Praktische Handlungsanweisungen reichen von der Schmerzerkennung bis zur Unterstützung der Angehörigen. Ein zentraler Aspekt ist die Sensibilisierung für Momente erstaunlicher Klarheit, die auch in schwerster Demenz auftreten können. Die enge Zusammenarbeit der drei Dachverbände soll Hospizarbeit und Demenzexpertise besser verzahnen.
Finales Jahr der Nationalen Demenzstrategie
Die Veröffentlichung fällt in das letzte Jahr der aktuellen Nationalen Demenzstrategie. Bis Ende 2026 sollen 162 geplante Maßnahmen umgesetzt sein. Erst kürzlich erschien eine neue Broschüre zur Stärkung lokaler Demenznetzwerke. Diese Netzwerke sind entscheidend, um Versorgungspfade von der Diagnose bis zur palliativen Begleitung lückenlos zu gestalten.

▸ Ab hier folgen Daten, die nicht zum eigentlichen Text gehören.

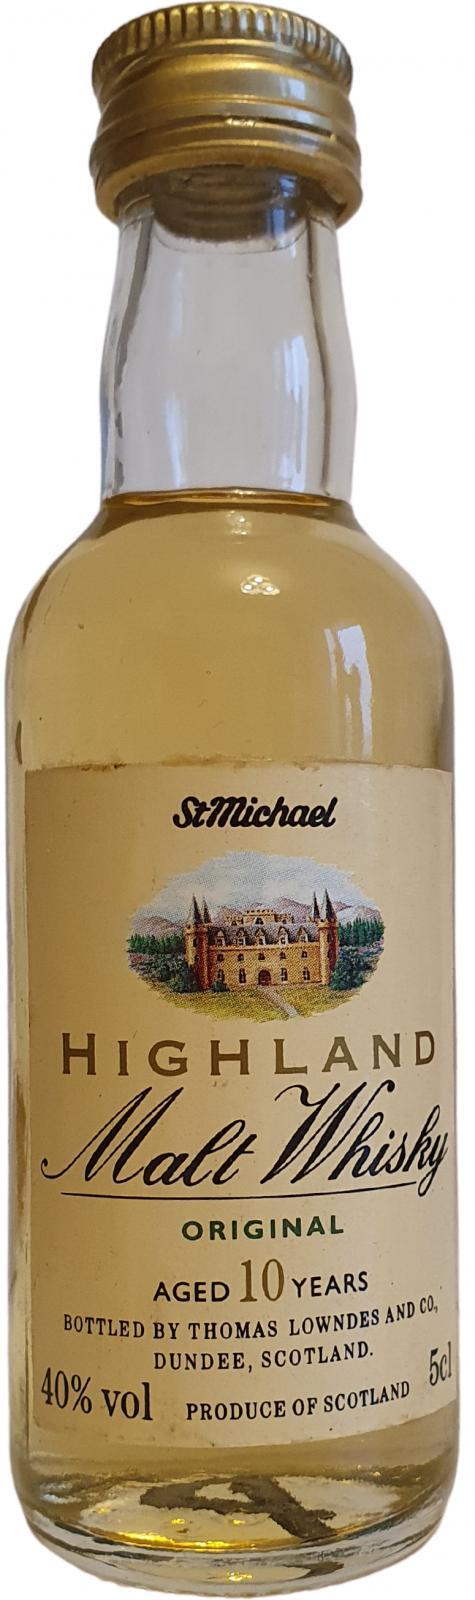 Highland Malt Whisky 10-year-old Original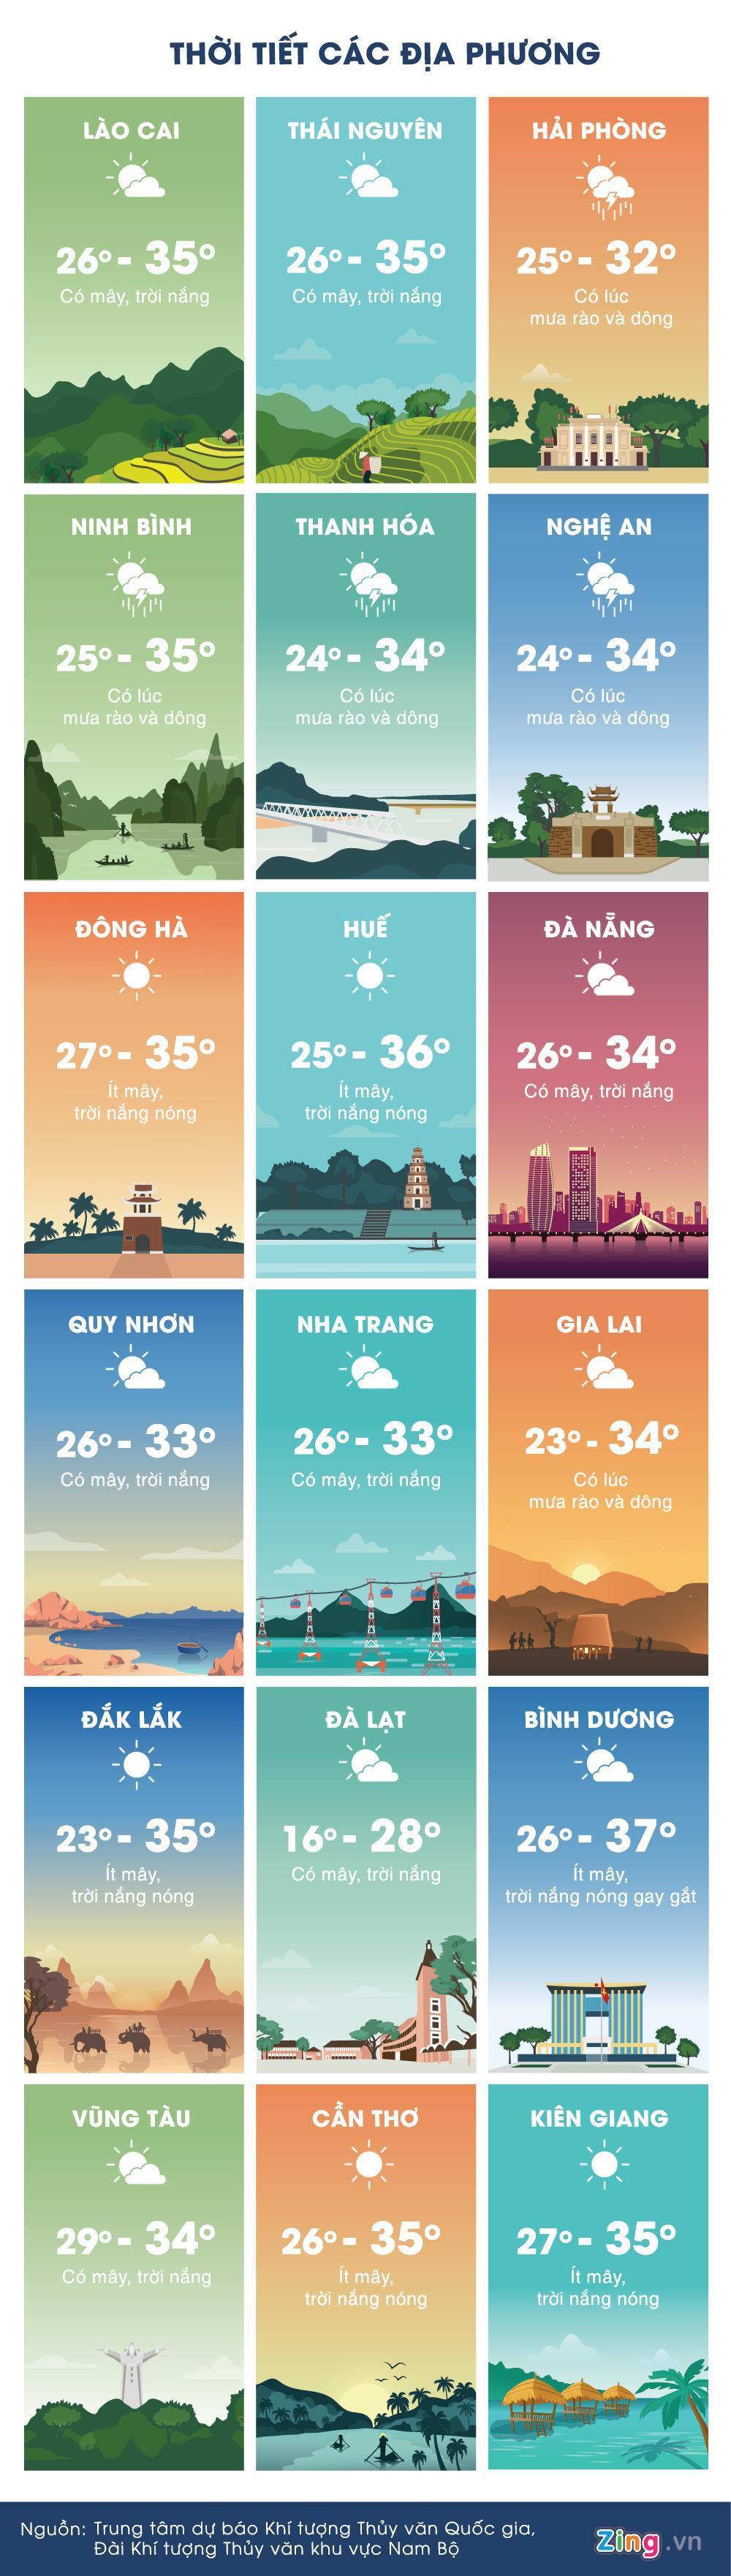 Thời tiết ngày 23/4: Sài Gòn nắng nóng gay gắt trên 37 độ C Ảnh 3

Ein aktueller Regierungsbericht unterstreicht den Aufbau von „Caring Communities“ – sorgenden Gemeinschaften – als strategischen Pfeiler. Gleichzeitig zeigen juristische Expertisen weiterhin dringliche Themen auf: etwa Hürden bei Sozialleistungen oder der Schutz vor Gewalt in der Pflege. Experten fordern, palliative Versorgung schon früh nach der Diagnose in die Planung einzubeziehen.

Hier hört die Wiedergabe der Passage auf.